### Data below:
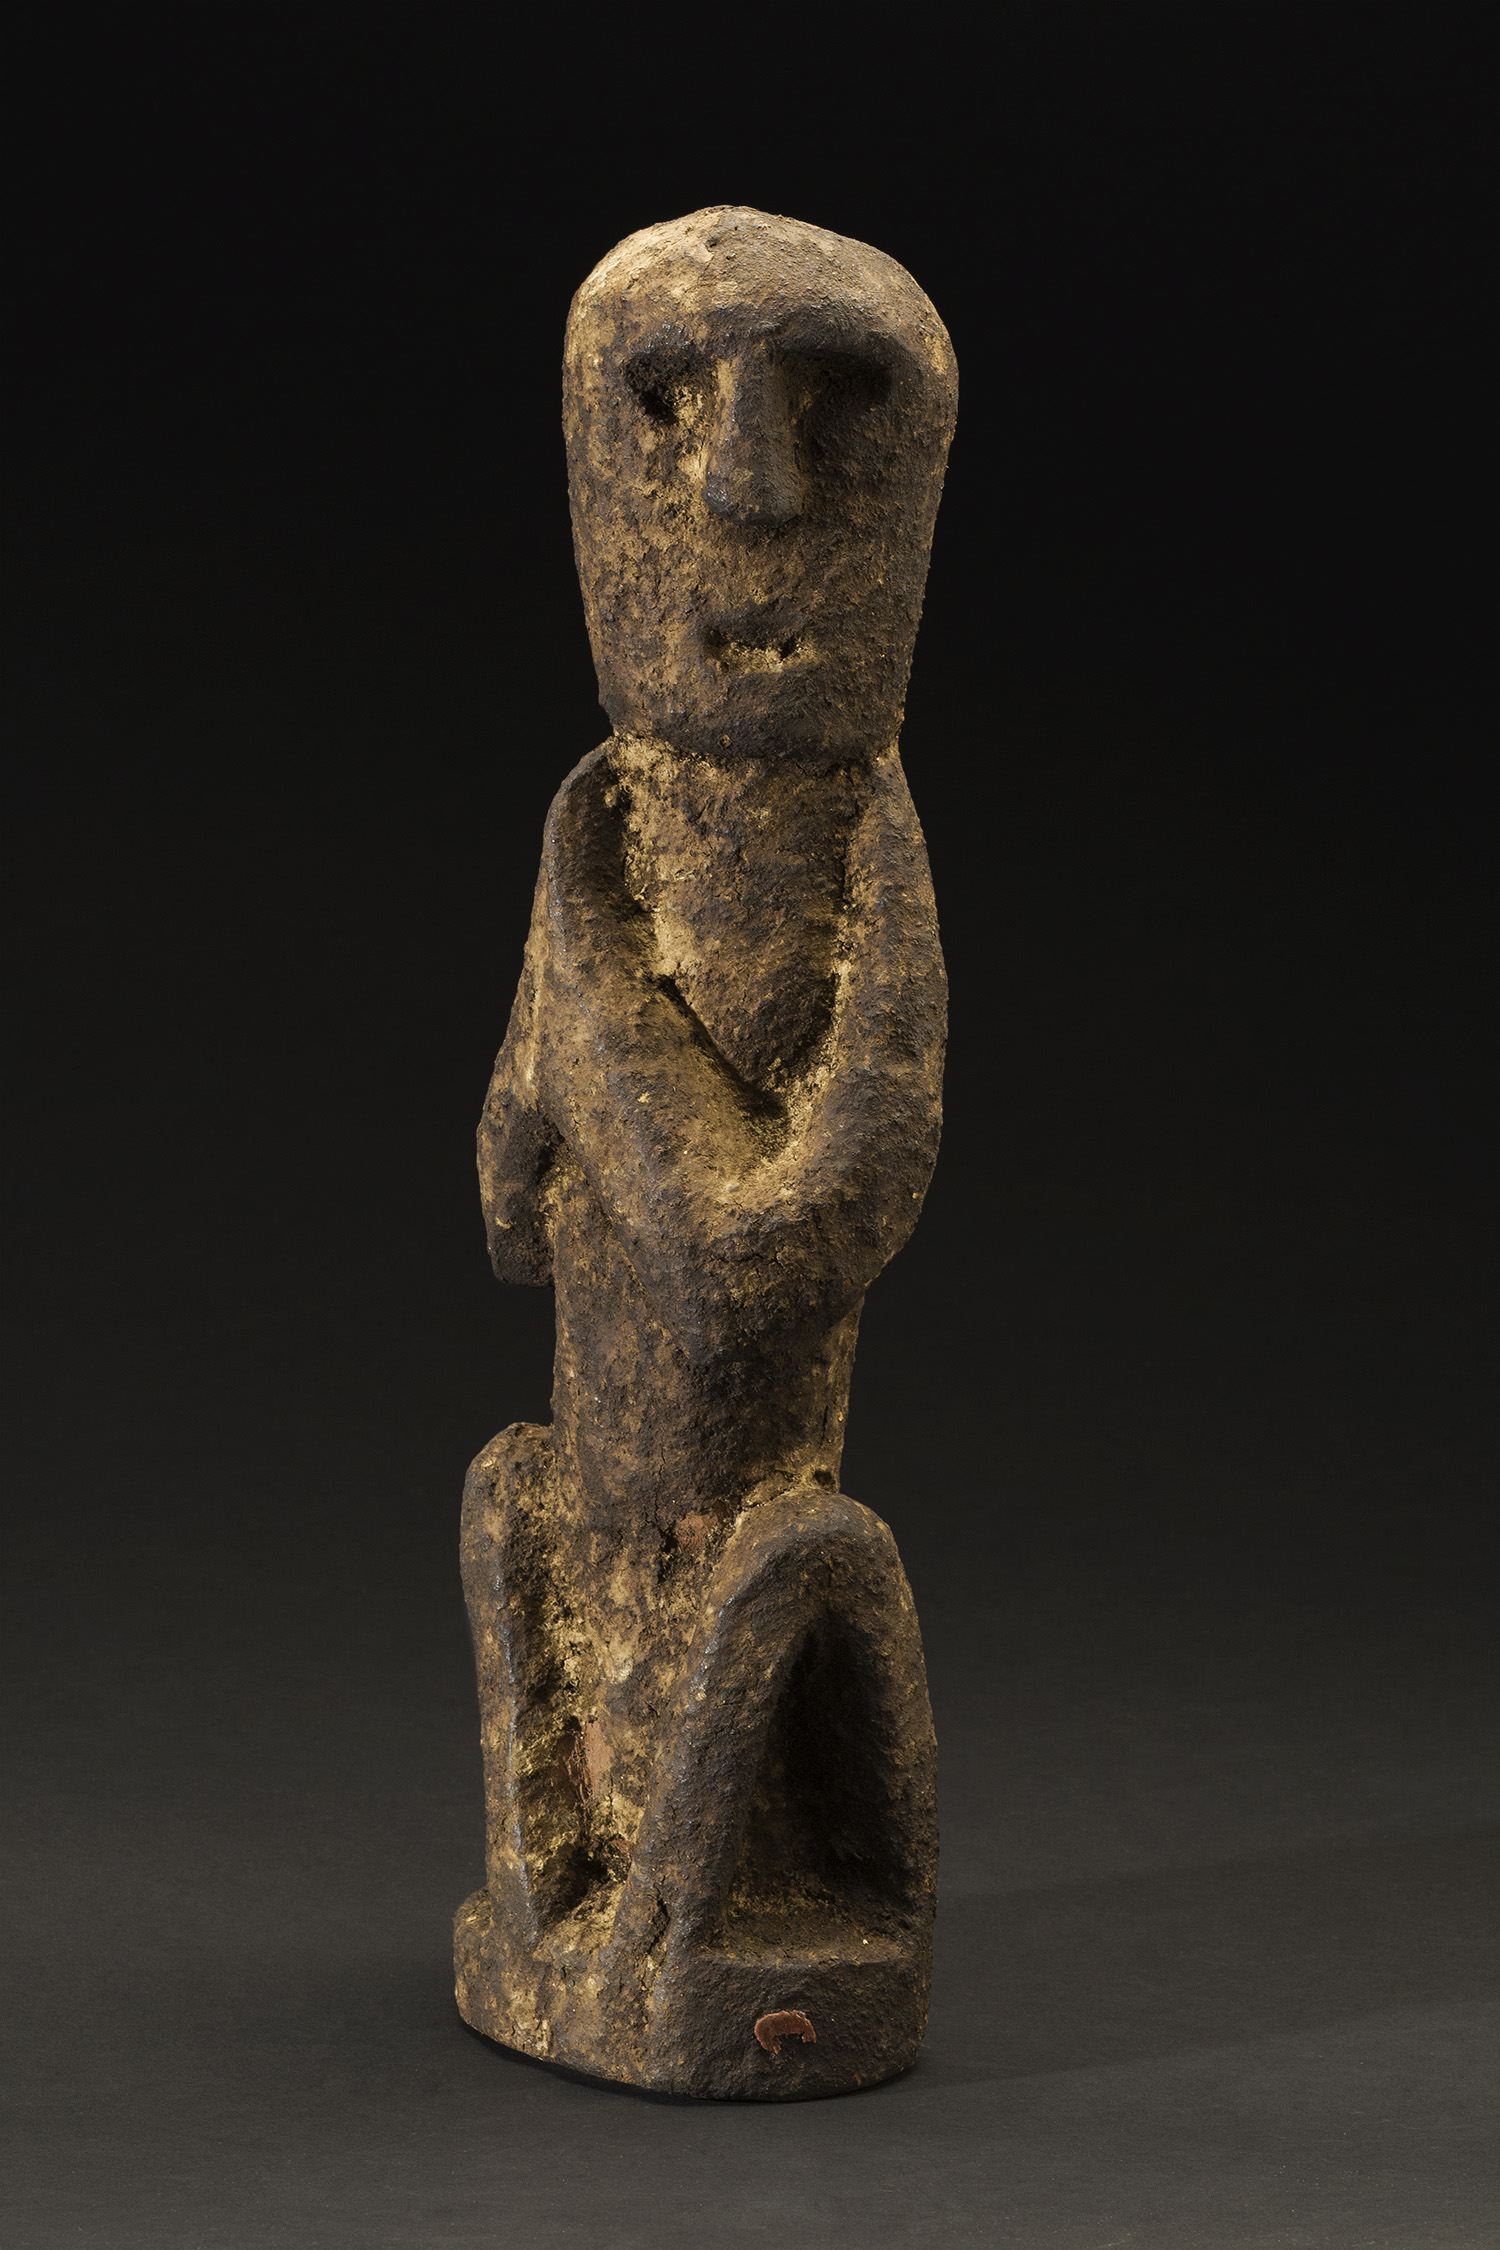 Nepal    Shrine Figure  , Mid. 20th C. Wood 15.5 x 4.5 x 3.5 inches 39.4 x 11.4 x 8.9 cm Nep 54
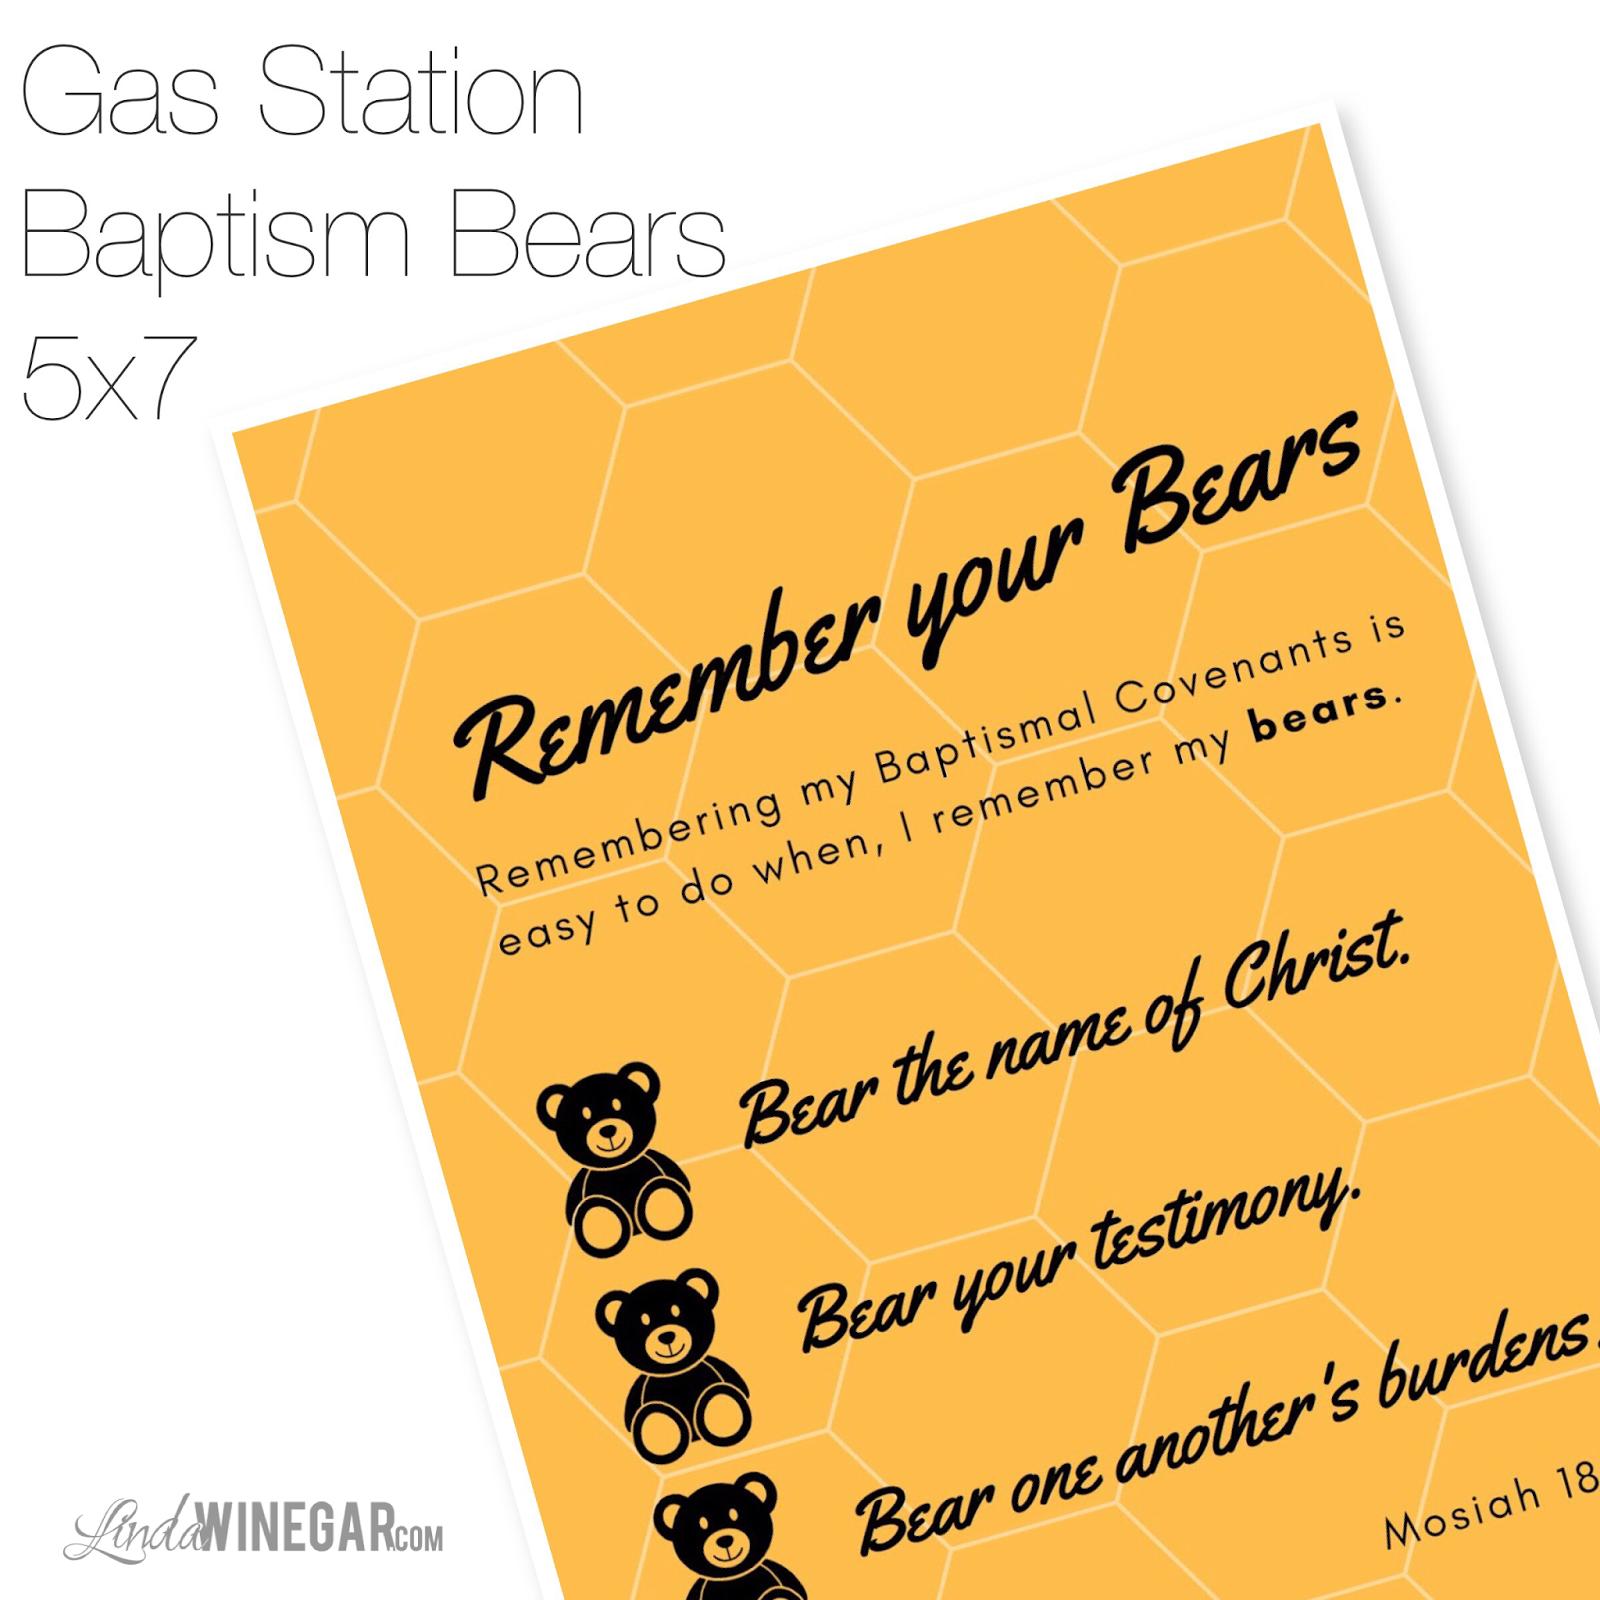 small resolution of baptism bears 4x6 lindawinegar png
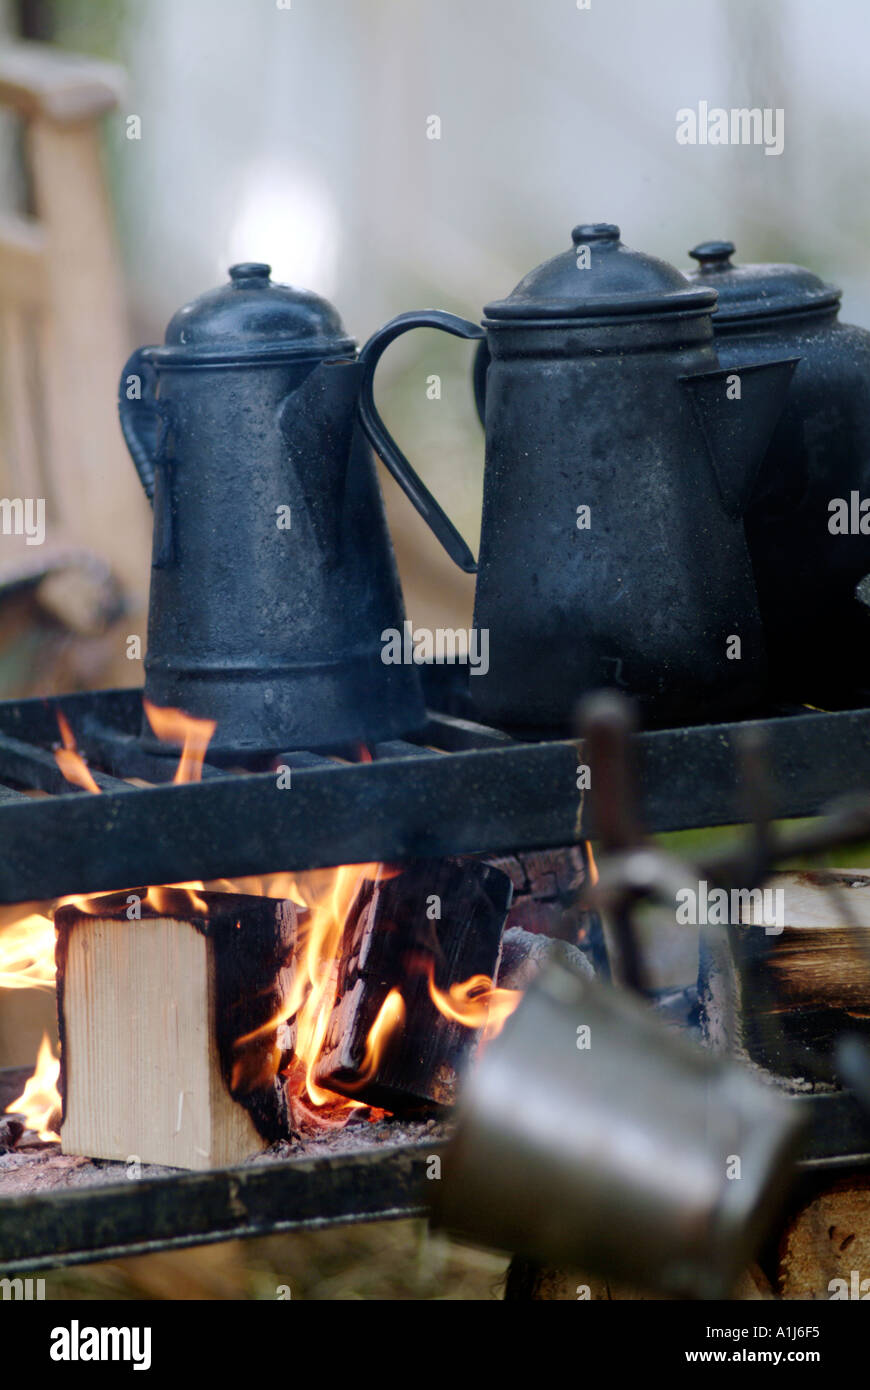 Cowboy Coffee Stock Photos & Cowboy Coffee Stock Images - Alamy

### What the task requires:
The material above is to be transcribed exactly, with its images omitted.

### Answer section:
 Nepal    Shrine Figure  , Mid. 20th C. Wood 15.5 x 4.5 x 3.5 inches 39.4 x 11.4 x 8.9 cm Nep 54
 small resolution of baptism bears 4x6 lindawinegar png
 Cowboy Coffee Stock Photos & Cowboy Coffee Stock Images - Alamy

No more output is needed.